- Origin: London, England
- Genres: Celtic, folk rock, indie
- Past members: Alison Marr Ronan Heenan Simon Ryan Martin Hughes Aidan McCroary

= Lick the Tins =

Celtic rock band

Lick the Tins was an English Celtic/folk rock/indie band from London, active in the mid to late 1980s. The name was derived from a nickname given to an old tramp by the children from the hometown of one of the band members, Ronan Heenan. They are best known for their cover version of "Can't Help Falling in Love".

==Career==
"Can't Help Falling in Love" spent nine weeks on the UK Singles Chart in early 1986, reaching a peak of number 42. Where the Elvis Presley version of the song was long and relaxed, Lick the Tin's version was so manic and fast that it was considerably less than three minutes long. As a result, three Irish polkas were added to the end of the track to bring it to the desired length.
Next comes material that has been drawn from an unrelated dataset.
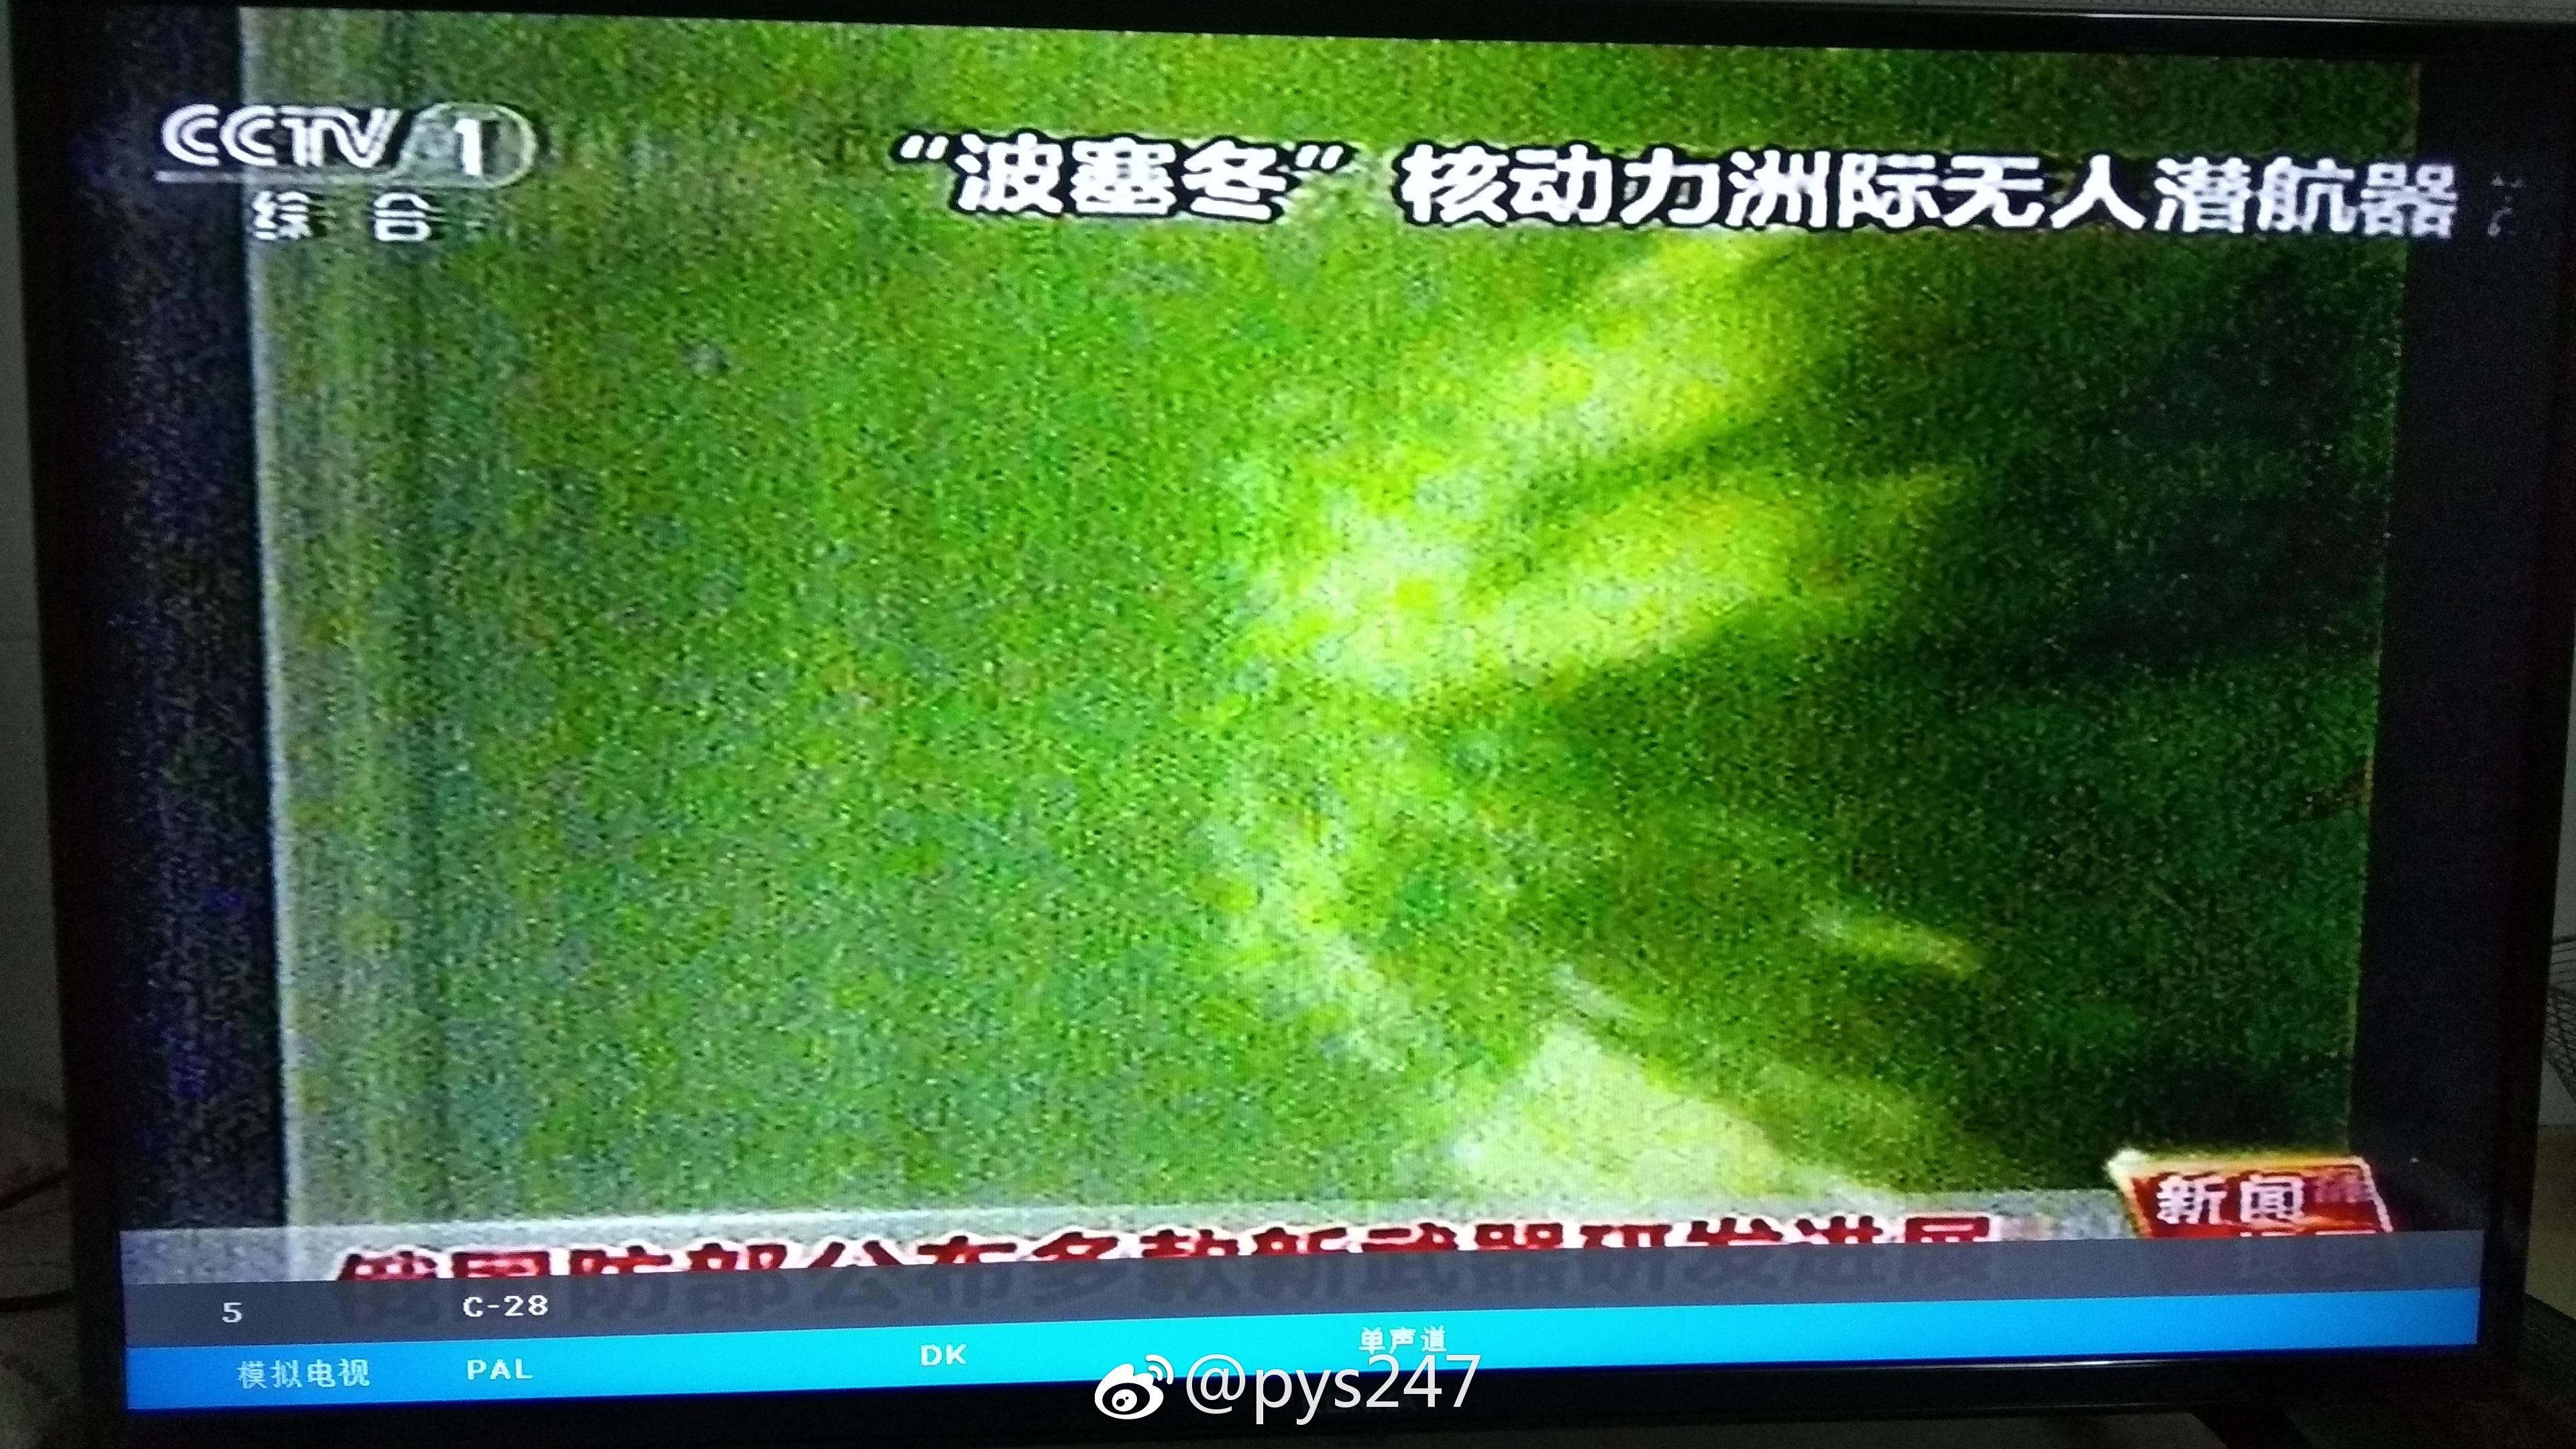 DS-20 CCTV-1

"Can't Help Falling in Love" is featured in the Irish film The Snapper. A remix of the song by Stephen Hague is featured in the John Hughes 1987 film Some Kind of Wonderful. It is also featured during the closing credits of the 1989 film Chances Are.

Lick the Tins had two other minor singles, "Belle of Belfast City" (cover of "I'll Tell Me Ma") and "In the Middle of the Night", after which Simon Ryan left the band and was replaced by Martin Hughes, another Ulsterman. Lick the Tins played the college and club circuits for another year, before the band broke up.

==Band members==
- Alison Marr – vocals, penny whistle
- Ronan Heenan – vocals, guitar
- Simon Ryan / Martin Hughes – drums
- Aidan McCroary – bass, keyboards

==Discography==
===Album===
- 1986: Blind Man on a Flying Horse

===Singles===
- 1985: "Can't Help Falling in Love" (Sedition)
  - "Bad Dreams" (B-side)
- 1986: "Belle of Belfast City"
  - "Calliope House" (B-side)
- 1987: "In the Middle of the Night"
  - "It Looks Like You" (B-side)
  - "Road to California" (only on the 12" release)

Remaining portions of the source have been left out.